Matematika sebagai bahasa
Di manakah letak semua konsep-konsep matematika, misalnya letak bilangan 1? Banyak para pakar matematika, misalnya para pakar Teori Model (lihat model matematika) yg juga mendalami filosofi di balik konsep-konsep matematika bersepakat bahwa semua konsep-konsep matematika secara universal terdapat di dalam pikiran setiap manusia.Jadi yang dipelajari dalam matematika adalah berbagai simbol dan ekspresi untuk mengkomunikasikannya. Misalnya orang Jawa secara lisan memberi simbol bilangan 3 dengan mengatakan "Telu", sedangkan dalam bahasa Indonesia, bilangan tersebut disimbolkan melalui ucapan "Tiga". Inilah sebabnya, banyak pakar mengkelompokkan matematika dalam kelompok bahasa, atau lebih umum lagi dalam kelompok (alat) komunikasi, bukan sains.
Dalam pandangan formalis, matematika adalah penelaahan struktur abstrak yang didefinisikan secara aksioma dengan menggunakan logika simbolik dan notasi matematika; ada pula pandangan lain, misalnya yang dibahas dalam filosofi matematika.
Struktur spesifik yang diselidiki oleh matematikawan sering kali berasal dari ilmu pengetahuan alam, dan sangat umum di fisika, tetapi matematikawan juga mendefinisikan dan menyelidiki struktur internal dalam matematika itu sendiri, misalnya, untuk menggeneralisasikan teori bagi beberapa sub-bidang, atau alat membantu untuk perhitungan biasa. Akhirnya, banyak matematikawan belajar bidang yang dilakukan mereka untuk sebab estetis saja, melihat ilmu pasti sebagai bentuk seni daripada sebagai ilmu praktis atau terapan.Matematika tingkat lanjut digunakan sebagai alat untuk mempelajari berbagai fenomena fisik yg kompleks, khususnya berbagai fenomena alam yang teramati, agar pola struktur, perubahan, ruang dan sifat-sifat fenomena bisa didekati atau dinyatakan dalam sebuah bentuk perumusan yg sistematis dan penuh dengan berbagai konvensi, simbol dan notasi.

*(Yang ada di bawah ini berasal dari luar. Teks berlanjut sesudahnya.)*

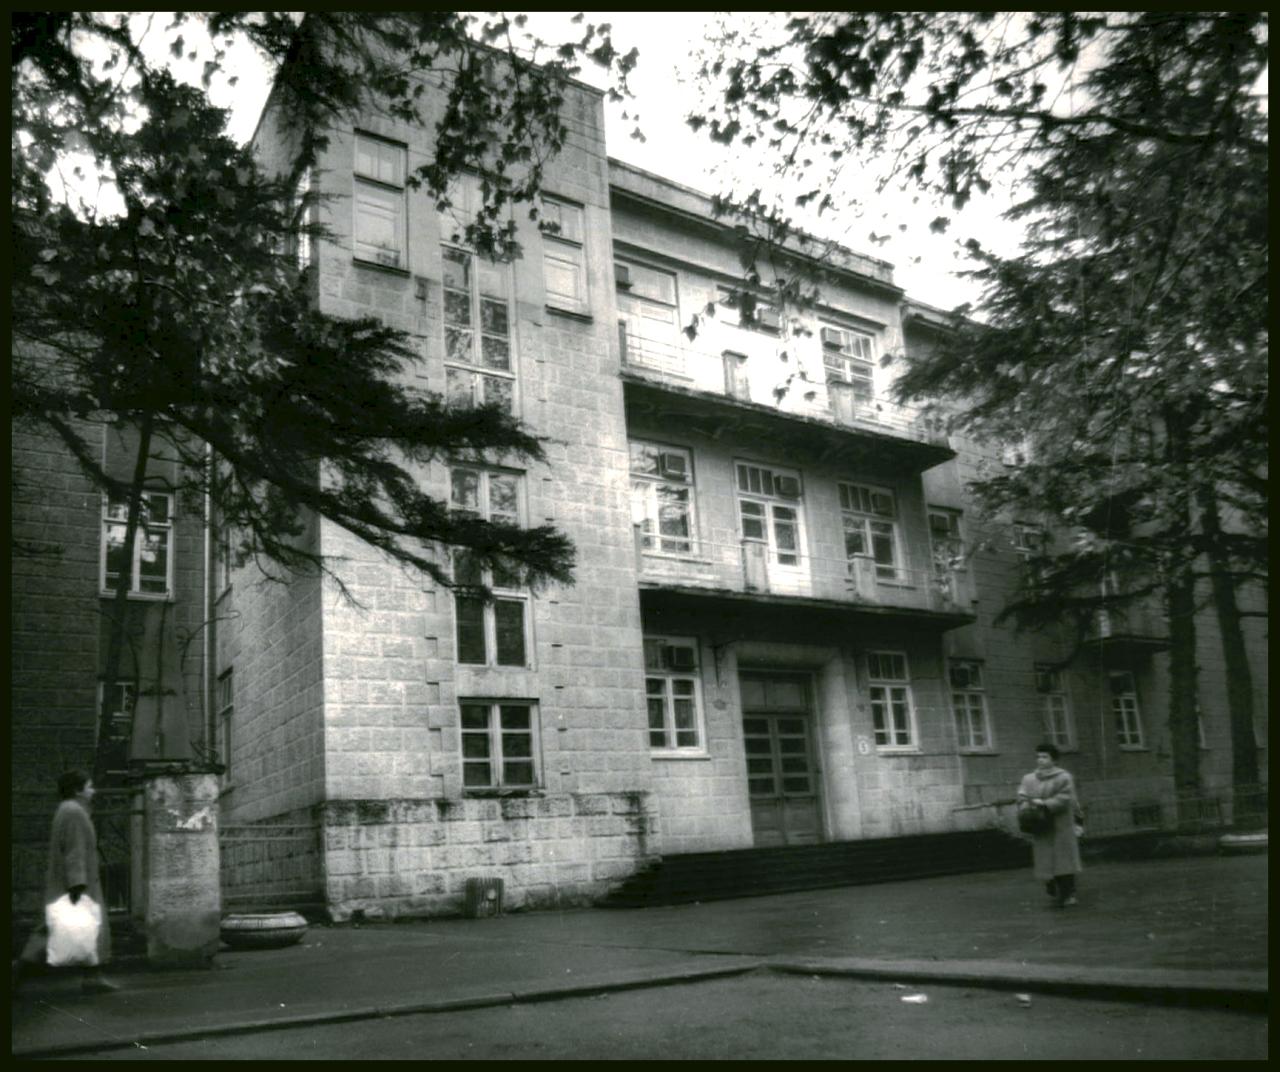 Չորրորդ վարչության հիվանդանոցը ( Лечкомиссия ) Երևանում

Hasil perumusan yang menggambarkan prilaku atau proses fenomena fisik tersebut biasa disebut model matematika dari fenomena.
Faktanya, kita melihat bahwa siswa kelas rendah (umumnya siswa kelas 1) lebih menyenangi pelajaran matematika dibanding pelajaran bahasa Indonesia. Hal ini, ”mungkin” karena matematika merupakan ilmu yang mudah dimengerti dengan lambang bilangan yang sederhana serta dekat dengan kehidupan si siswa. Fakta juga menunjukkan bahwa setelah siswa berada di kelas tinggi, mereka malah membenci matematika sampai kepada guru yang mengajarkannya. Banyak faktor yang mendukung terjadinya hal ini, guru yang kurang mampu mentransfer ilmunya, materi yang terlalu abstrak dan kode atau sandi di matematika yang tidak begitu familiar. Seseorang yang tidak paham sandi/kode dari lambang matematika akan mengalami kesulitan untuk memahami maksud permasalahan matematika yang ada. Ada beberapa sandi/kode matematika yang ditampilkan untuk menambah wawasan kita bersama.
Simbol matematika dasar mbol | Nama | Penjelasan | Contoh | | Dibaca sebagai | | | | Kategori | | | = | kesamaan | x = y berarti x and y mewakili hal atau nilai yang sama. | 1 + 1 = 2 | | sama dengan | | | | Umum | | | ≠ | Ketidaksamaan | x ≠ y berarti x dan y tidak mewakili hal atau nilai yang sama. | 1 ≠ 2 | | tidak sama dengan | | | | Umum | | | <

> | ketidaksamaan | x < y berarti x lebih kecil dari y.

x > y means x lebih besar dari y. | 3 < 4
5 > 4 | | lebih kecil dari; lebih besar dari | | | | order theory | | | ≤

≥ | inequality | x ≤ y berarti x lebih kecil dari atau sama dengan y.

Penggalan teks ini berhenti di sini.